Is there much evidence of people dying from eating arsenic?
Yes, there are plenty of stories about people who took too much. Like young girls who wanted to get rosy cheeks and skinny young girls who wanted to be prettier. But these girls took too much and died.

Did the government ever intervene? It just sounds so dangerous.
Yeah, there was a lot of intervention. It was illegal from the very early times. You don’t find any stories written from people who actually ate arsenic, but what you do find is either documents from courts and other bureaucratic stuff about how and when it was traded. There is a lot of information on how it was regulated and how it was allowed to be sold in special shops and pharmacies. But it was hard, harder than now to control the stuff and remove it from the rural areas. You only need really tiny amounts [to get high] so it was hard to control. For glassmaking they produced tonnes of arsenic in this region but they tried from the very beginning to clamp down on people eating it. Also, religiously it was frowned upon because it was connected to the idea of witchcraft.
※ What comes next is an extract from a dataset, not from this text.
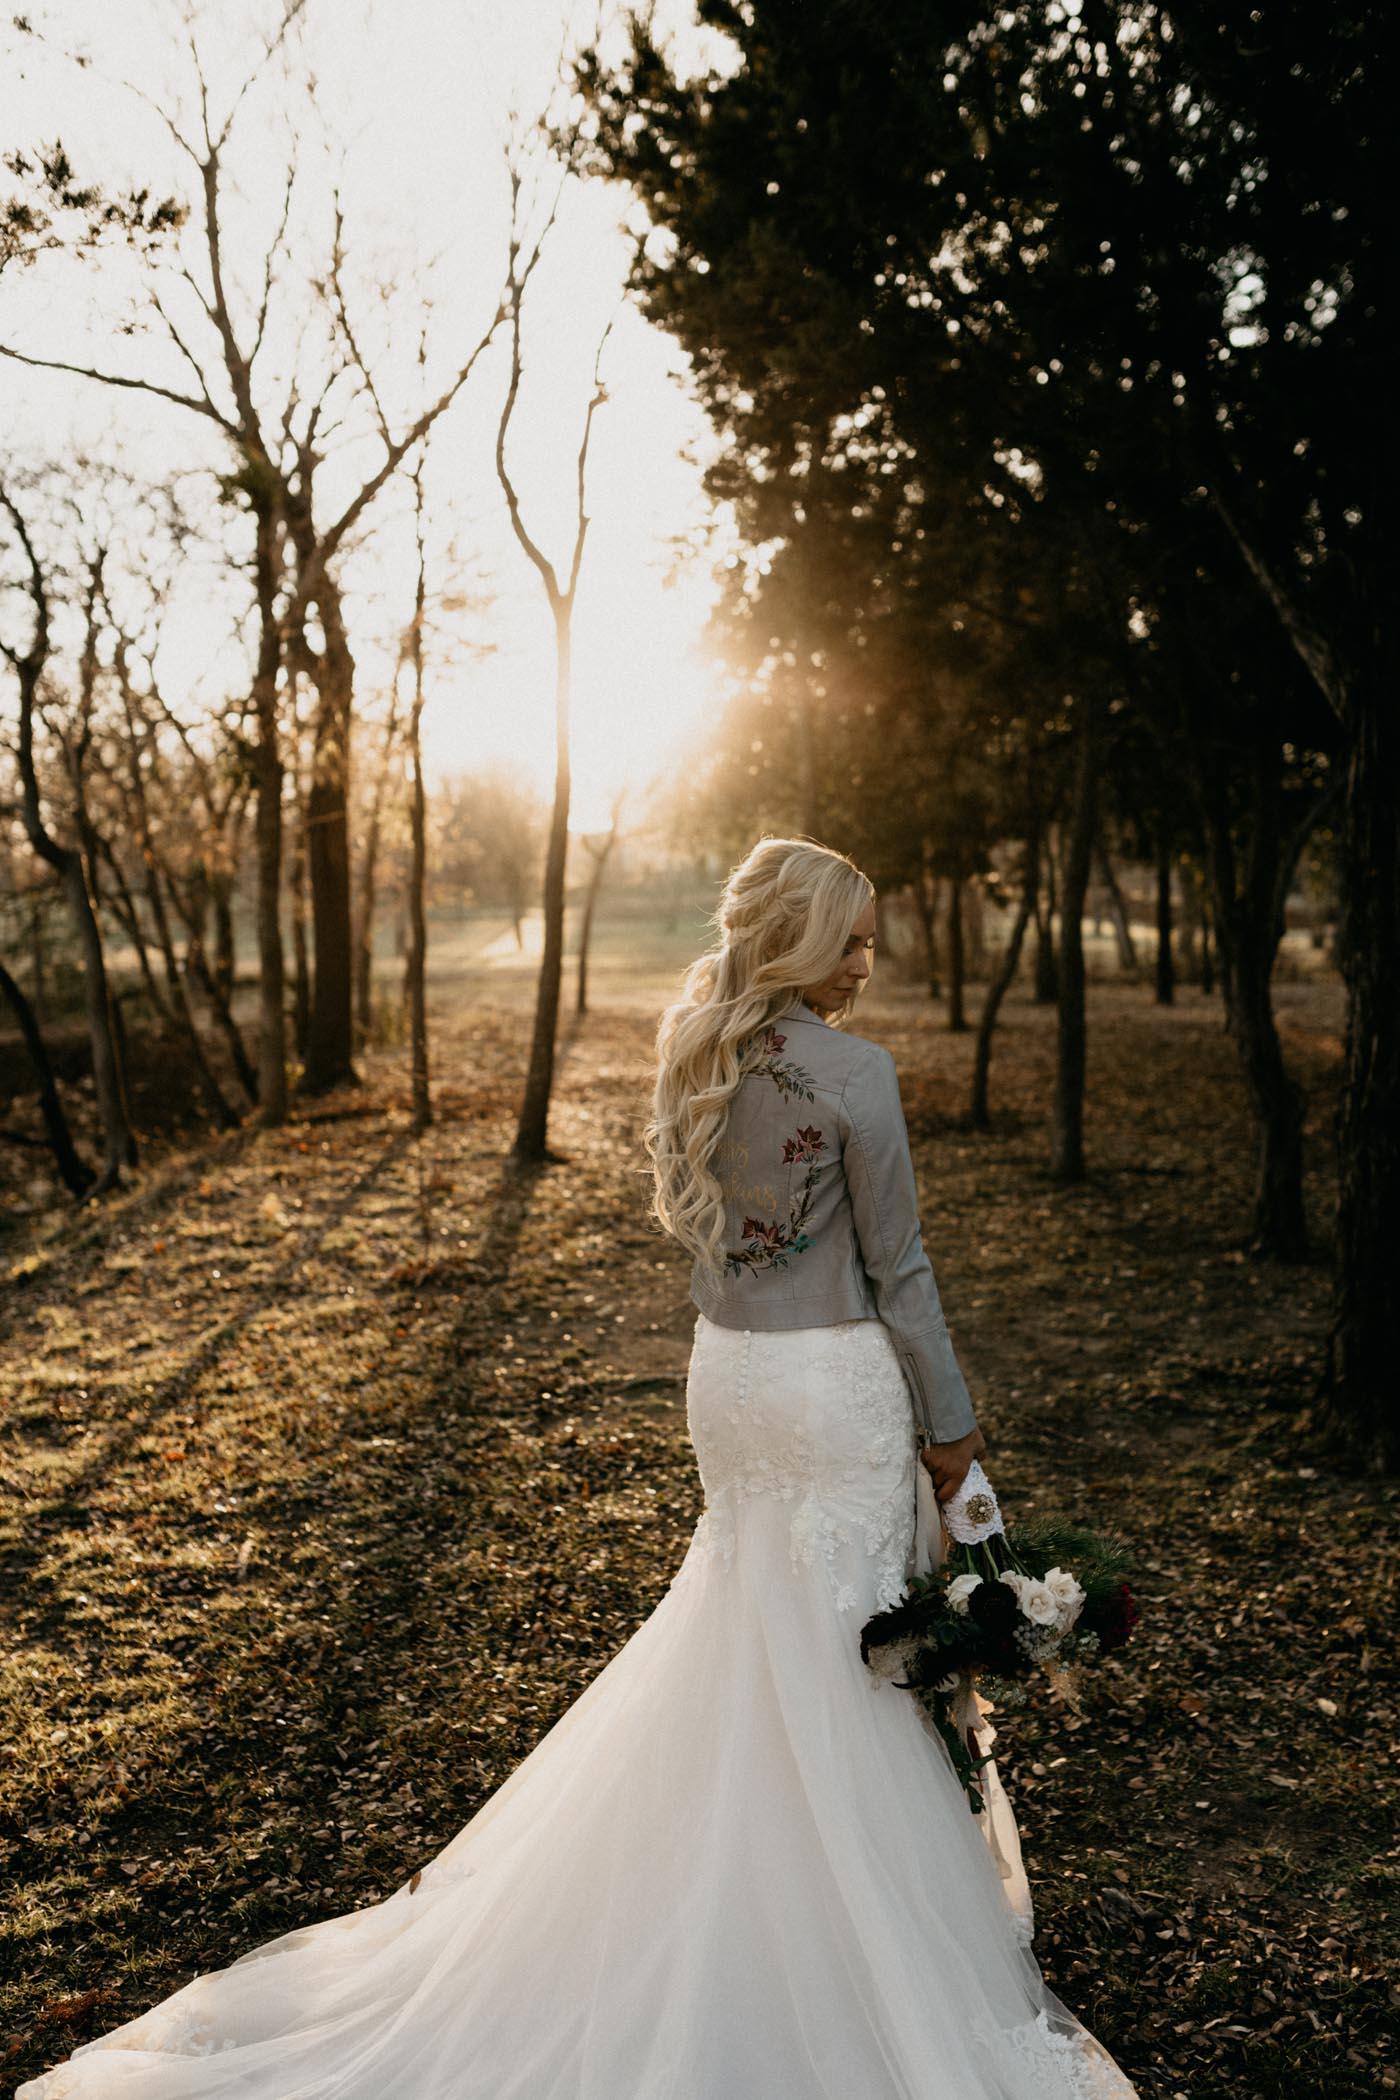 portrait of bride wearing blue leather jacket on wedding day

A lump of arsenic as it's found in the ground

As a photographer, what made you interested in Austria's history of arsenic eating?
I’d never properly heard about eating arsenic until I was 30 or so. Then I found out that all the old people knew about it, and it just sounded like such a surreal story. It sounded like a parallel universe, but it was happening right where I'd grown up. And that’s what I find interesting. How can something that’s so popular be removed from collective memory so fast? If you start doing some research and looking at some stuff, it’s there. But it's almost been a process of Austrian culture trying to forget about it.

What did you want to achieve artistically with you book, the Arsenic Eaters?
I wanted to find out what reality looks like in a place where eating arsenic makes sense. What was their reality like in a place where eating arsenic seemed logical? I read a lot of literature and I tried to get an image of their reality they were living in. I then photographed things that were connected to their world, to show the physical landscape they lived in. I tried to mix the sources up to make one world. I want this piece to link the present to the past.